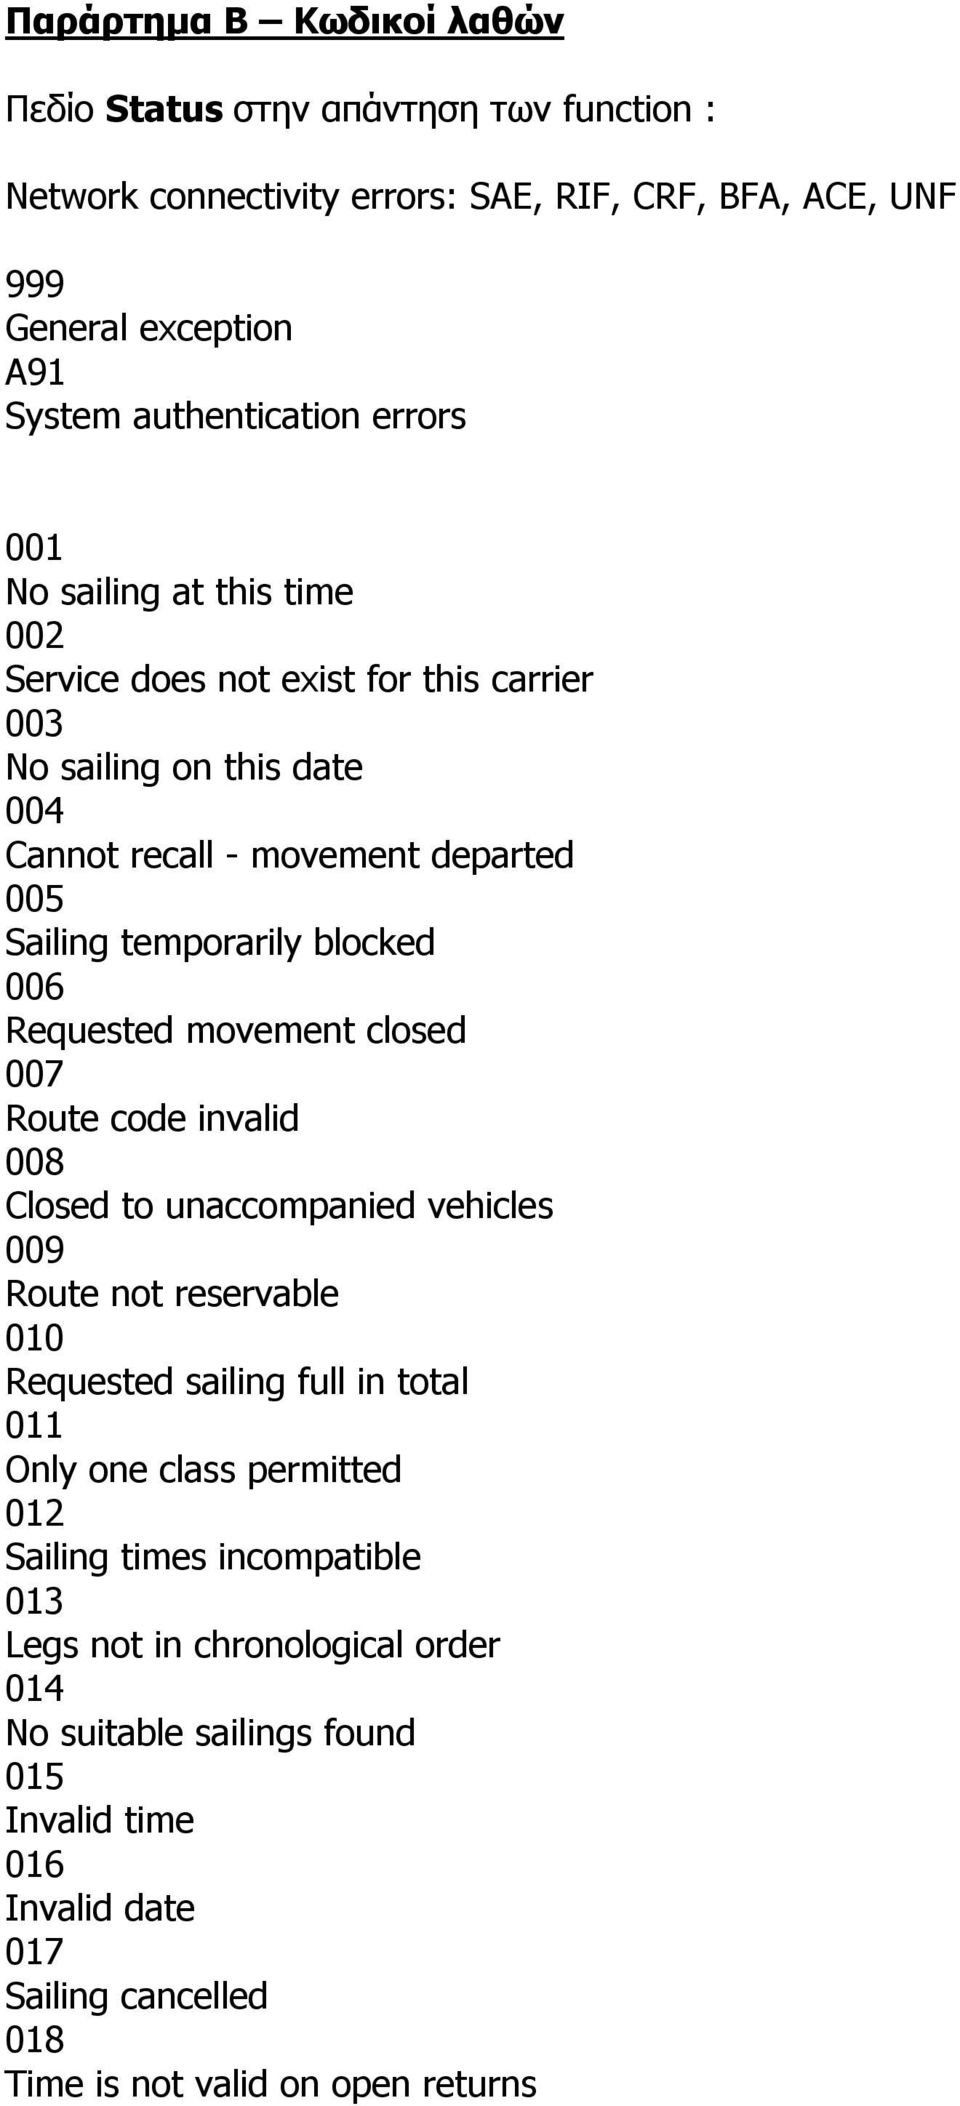 Requested movement closed 007 Route code invalid 008 Closed to unaccompanied vehicles 009 Route not reservable 010 Requested sailing full in total 011 Only one class permitted 012
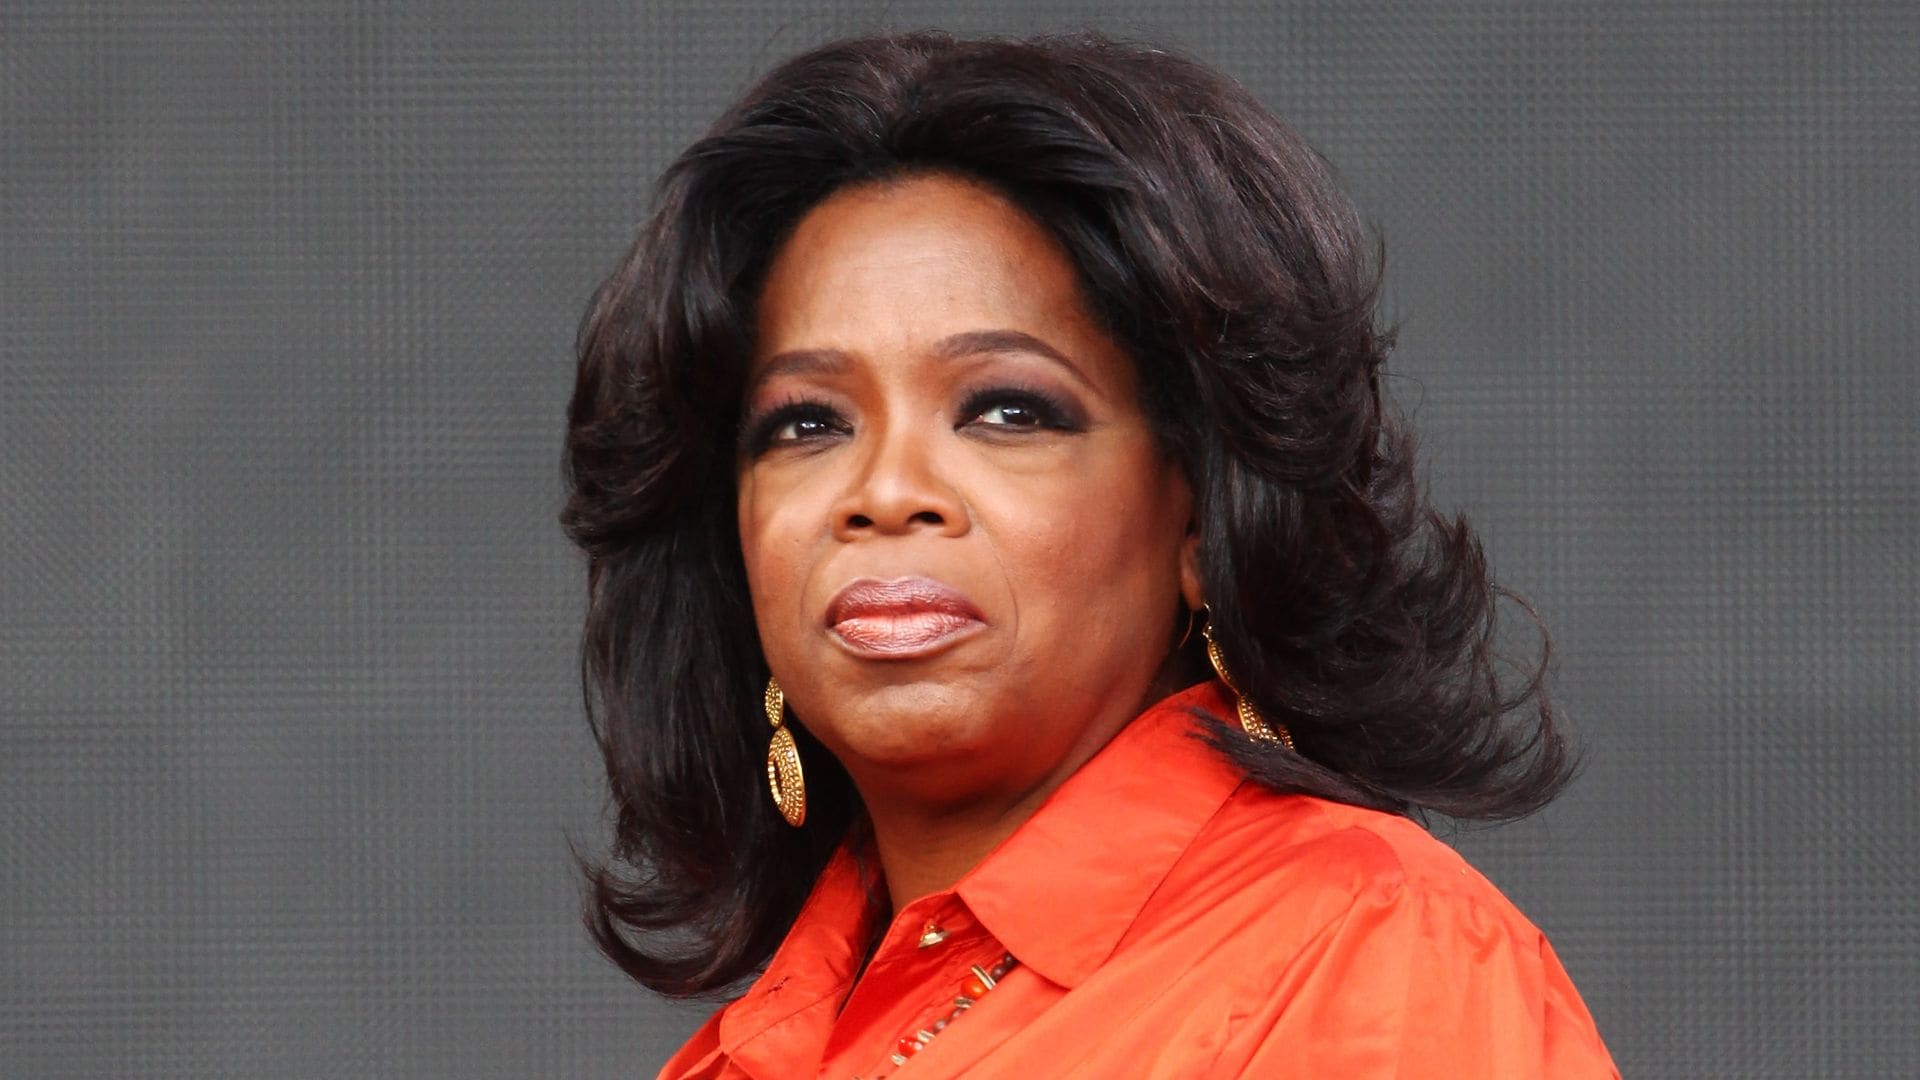 Oprah Winfrey reflects on her relationship with weight and years of public mockery
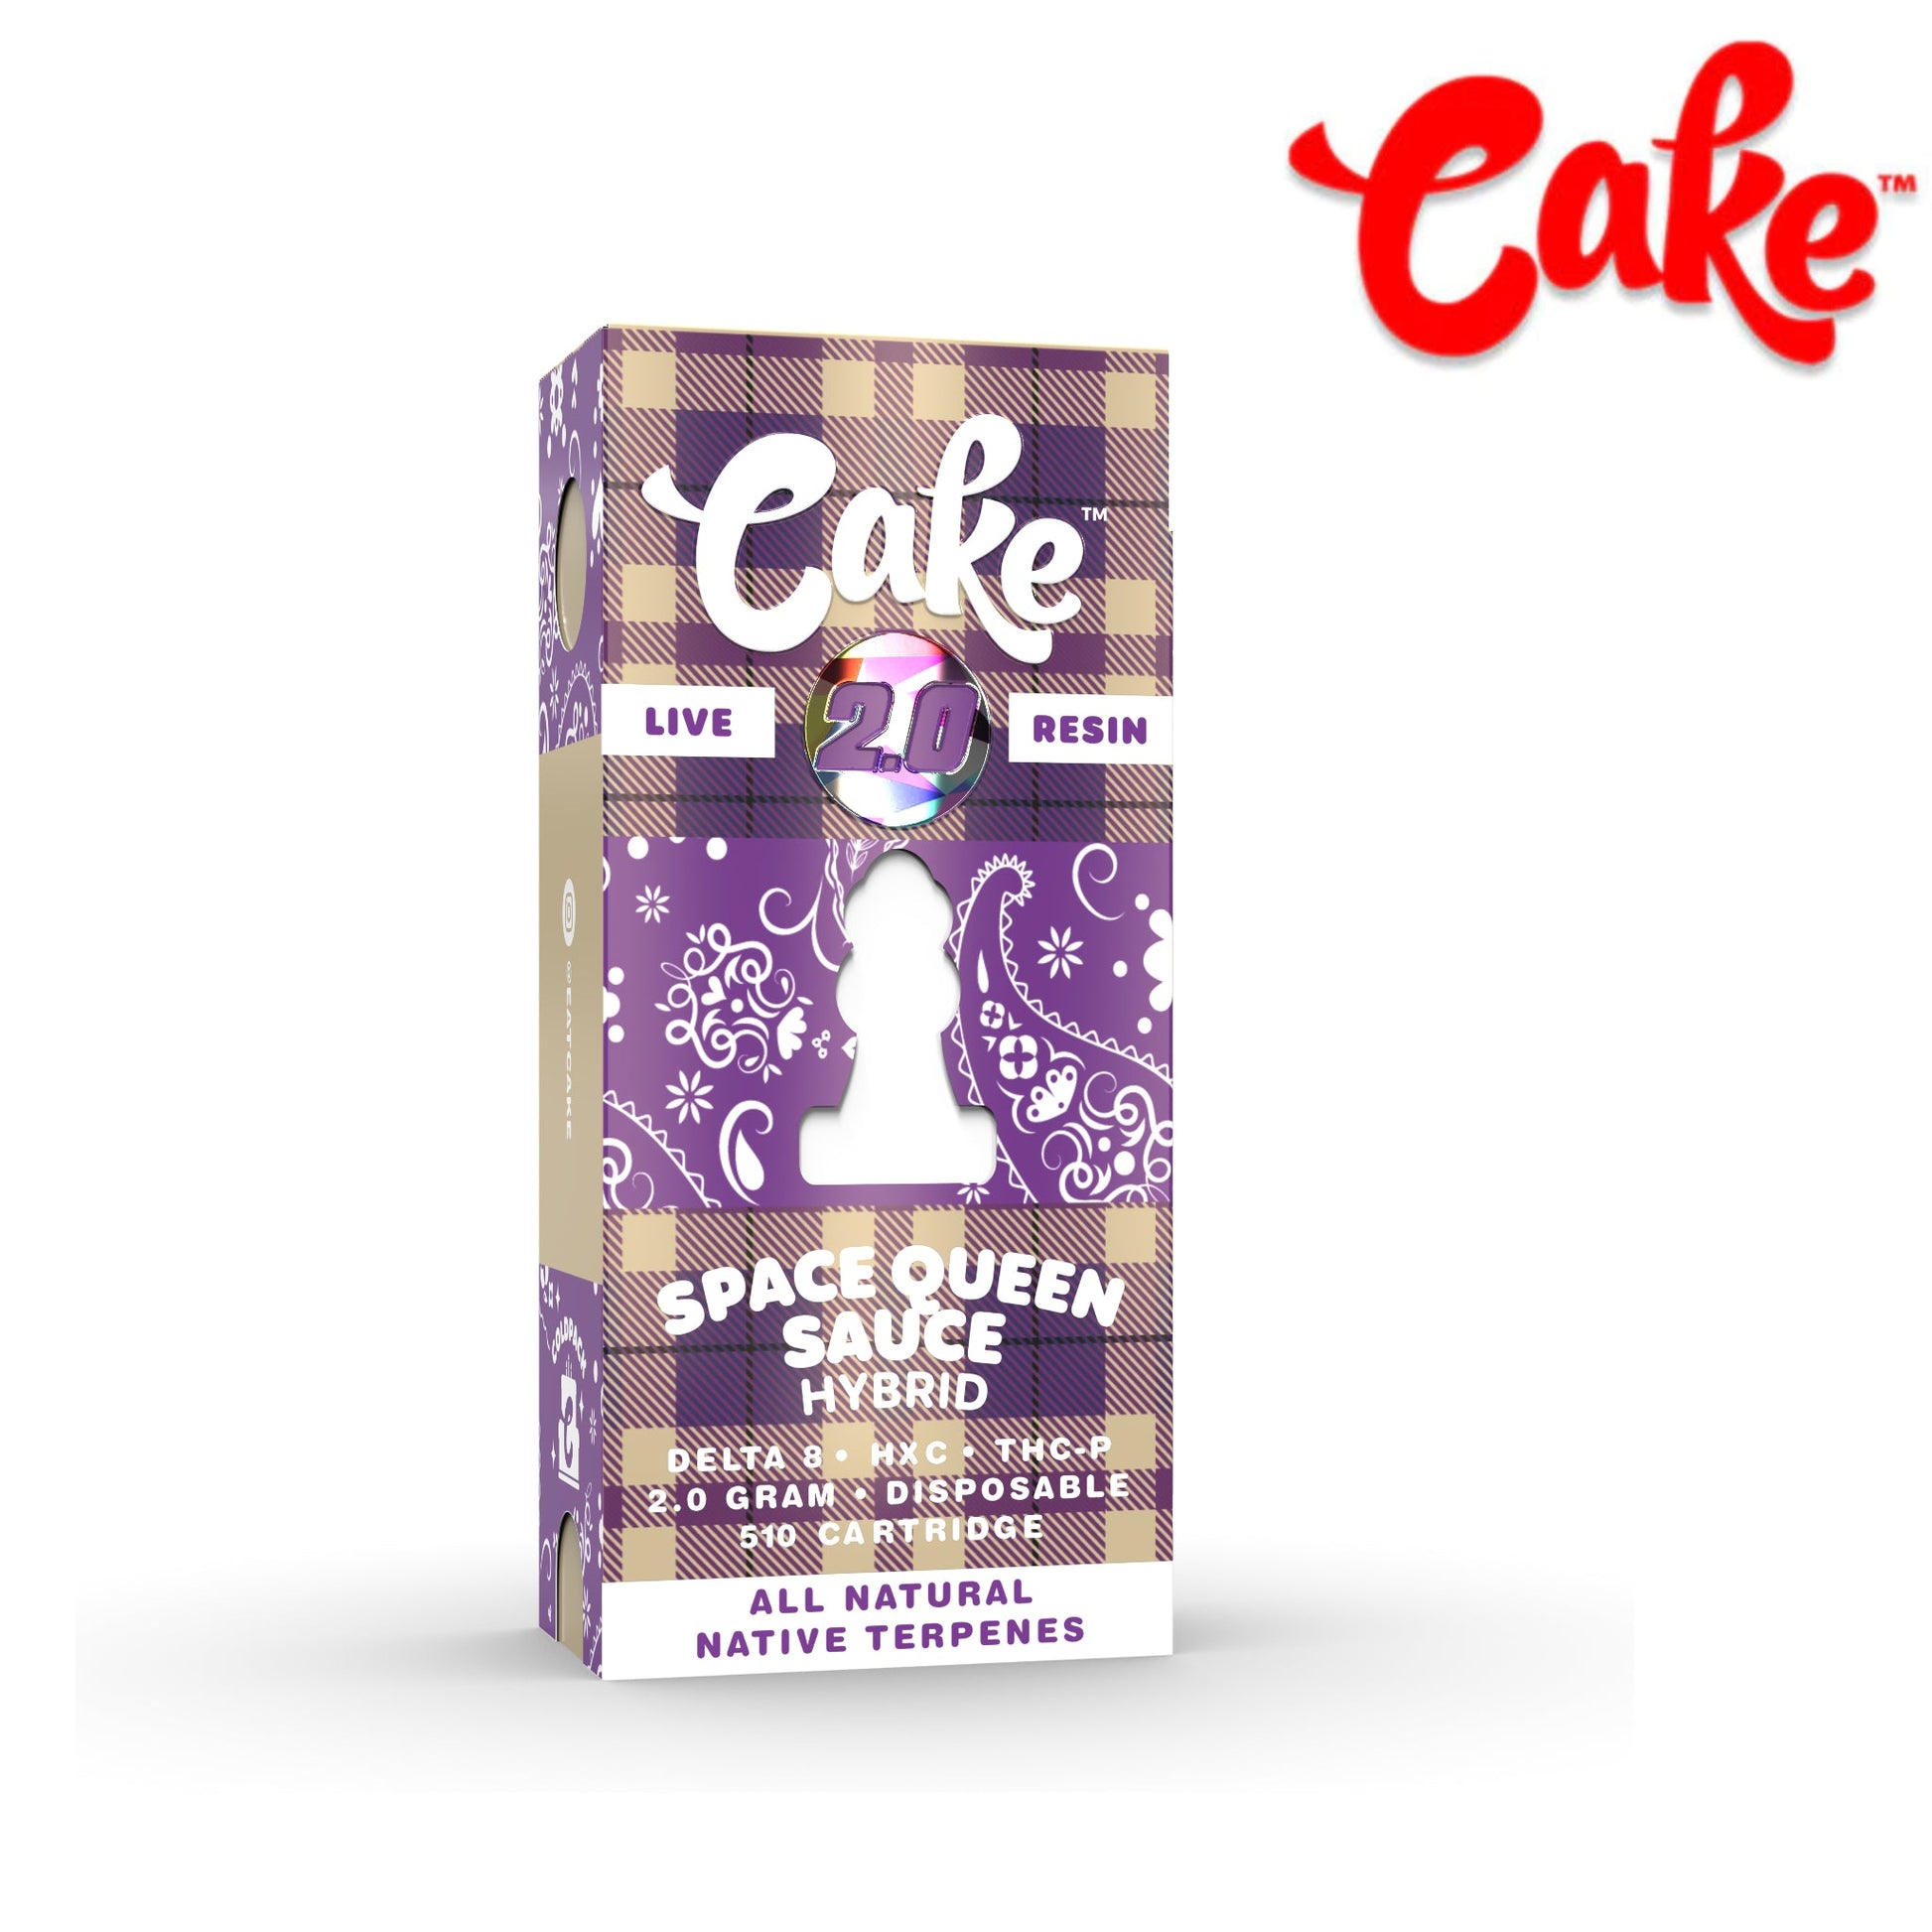 Cake Cold Pack Live Resin Vaporizer - 2000mg Space Queen Sauce

__________

**Exercise instructions:**
The whole listing must be transcribed exactly. No pictures belong in the copy.

**Finished exercise:**
 Requested movement closed 007 Route code invalid 008 Closed to unaccompanied vehicles 009 Route not reservable 010 Requested sailing full in total 011 Only one class permitted 012
 Oprah Winfrey reflects on her relationship with weight and years of public mockery
 Cake Cold Pack Live Resin Vaporizer - 2000mg Space Queen Sauce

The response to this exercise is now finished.